Jun 1, 2011

[Finances] Adventures In Peso Cost Averaging

Being the geek that I am, I've wanted to make sure that I make the right financial decisions for the long term. We always go back to the cliche that we're never growing any younger and thus it becomes all the more important to plan ahead for the future.

Of course being in a third world country where corruption is rampant, the business sector is often unpredictable and government oversight is a statistical wild card, it's hard to figure out where to put your money. Quite frankly, there are people who argue in favor of just holding on to your money and keeping out of the system entirely. Plus with typical savings accounts only offering about 0.5% interest per year, simply banking your money is gong to get you anywhere. While there are special deposit products like BPI's Maxi-Saver accounts that offer better rates, it's still not enough to secure you in the long term.

Enter the scary world of the local stock market. This legalized gambling den remains to be your best bet to long term financial stability, provided you keep your wealth-building options sufficiently diverse. So apart from my bank funds, my life insurance polices and associated variable income components, I've recently started to explore the local stock market via Citisec Online.

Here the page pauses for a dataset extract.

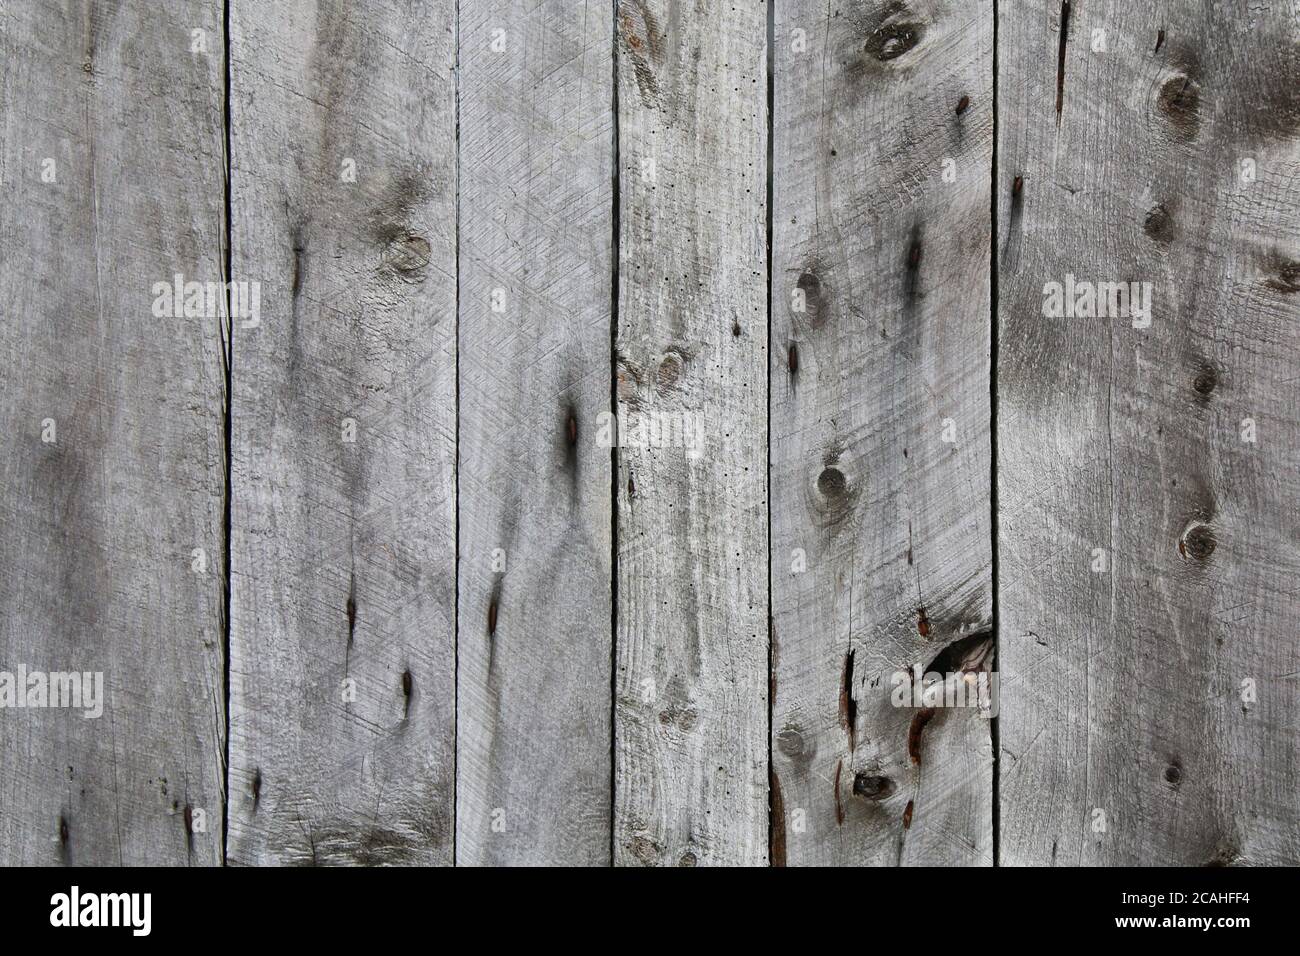 Natürliche alte vintage knotty verwitterte alte Holz Zaun Board vertikal Ansicht geeignet für Website Hintergrund Marketing Hintergründe Backdrops Architektur Stockfoto

Citisec Online Peso Cost Averaging Graphic


No, this doesn't mean I've become an active stock trader like you see in the movies. I really don't have the kind of constitution for short-term investing given how volatile the local stock market can be. Instead, I'd like to think that I'm more of a value-driven investor, mainly relying on the principle of Peso Cost Averaging (and thus the point of this entry). Let's face it, geeks like me a very skittish when it comes to high risk and high pressure situations like trying to figure out the stock market. One will always have that general advice in mind about the need to buy low and sell high, but your average guy doesn't have the time to fully analyze and theoretically understand the local market. Worse as a geek, I'd probably obsess about trying to figure out the market and would probably end up doing nothing due to analysis paralysis.

But Peso Cost Averaging makes sense to me, and maybe it'll work for you as well. Let's face it, if you're not a regular reader of this blog, then some investment-related web search brought you here. Given that, I hope this proves helpful to all of you on one level or another.

Cost Averaging when it comes to stocks simply means that you invest a set amount of money on a regular basis in certain stocks and reap the gains in the long term - think 10-20 years of this kind of investing. This works since whether you buy the stocks at a higher or lower amount, the net result is that the average value of your stock portfolio will be on the rise over the years.

For this to work though, it assumes that you've invested in high value or so-called blue chip stocks from reputable companies that are almost guaranteed to continually return rising profits over the period of your investment. As these companies grow, so will your investment and thus everyone's happy. Figuring out which stocks to invest in can be tricky - some like to look at the price of the stock versus the actual earnings generated by the company. Citisec Online provides a list of recommended growth stocks that include our strongest banks, certain utilities and other high profile companies that we've come to respect in the business world. The list makes sense to me on a common sense level and so I've started to put money into the pot along similar lines.

Now this is not for the weak of heart or those with major control issues. Since this is a long-term investing strategy, it means that you'll have to deal with seeing the short term volatility of the market as the value of your stocks will go up and down at the drop of a hat. Thus you'll need either a strong stomach or the discipline to NOT check the value of your stocks every day. If anything, just keep to date on the companies that you've decided to work with to make sure they haven't been brainwashed by aliens or had epiphanies requiring that they donate all their assets to charity.

Also, keep a tight portfolio. I've done my fair share of experimentation and now I'm stuck with a few stocks that I can't dump until they go back to a level where I can at least break even in the sale. Some would say that 2-3 stocks is more than enough while others state that your upper limit is 5. That generally makes sense to me, especially for your average investor just wanting to build a nest egg for the future.

What's so great about all this then? Why go to through all this stress? In the long run, it means that your money will grow as the companies do and their rate of growth will be a heck of a lot more than the 0.5% you're getting from your savings account. Heck, it'll be even better than the 3.5% you're getting in your slow-growing time deposits. While it's true that you could make EVEN MORE money by actively trading, not everyone is built for that sort of thing. Thus instead here's a strategy for long term and steady growth that will be a pretty big deal in the future when you're thinking about quitting your job and running a golden retriever plantation.

So let's all embark on this investment adventure together! The math is pretty sound and the long-term results promise to be pretty good indeed.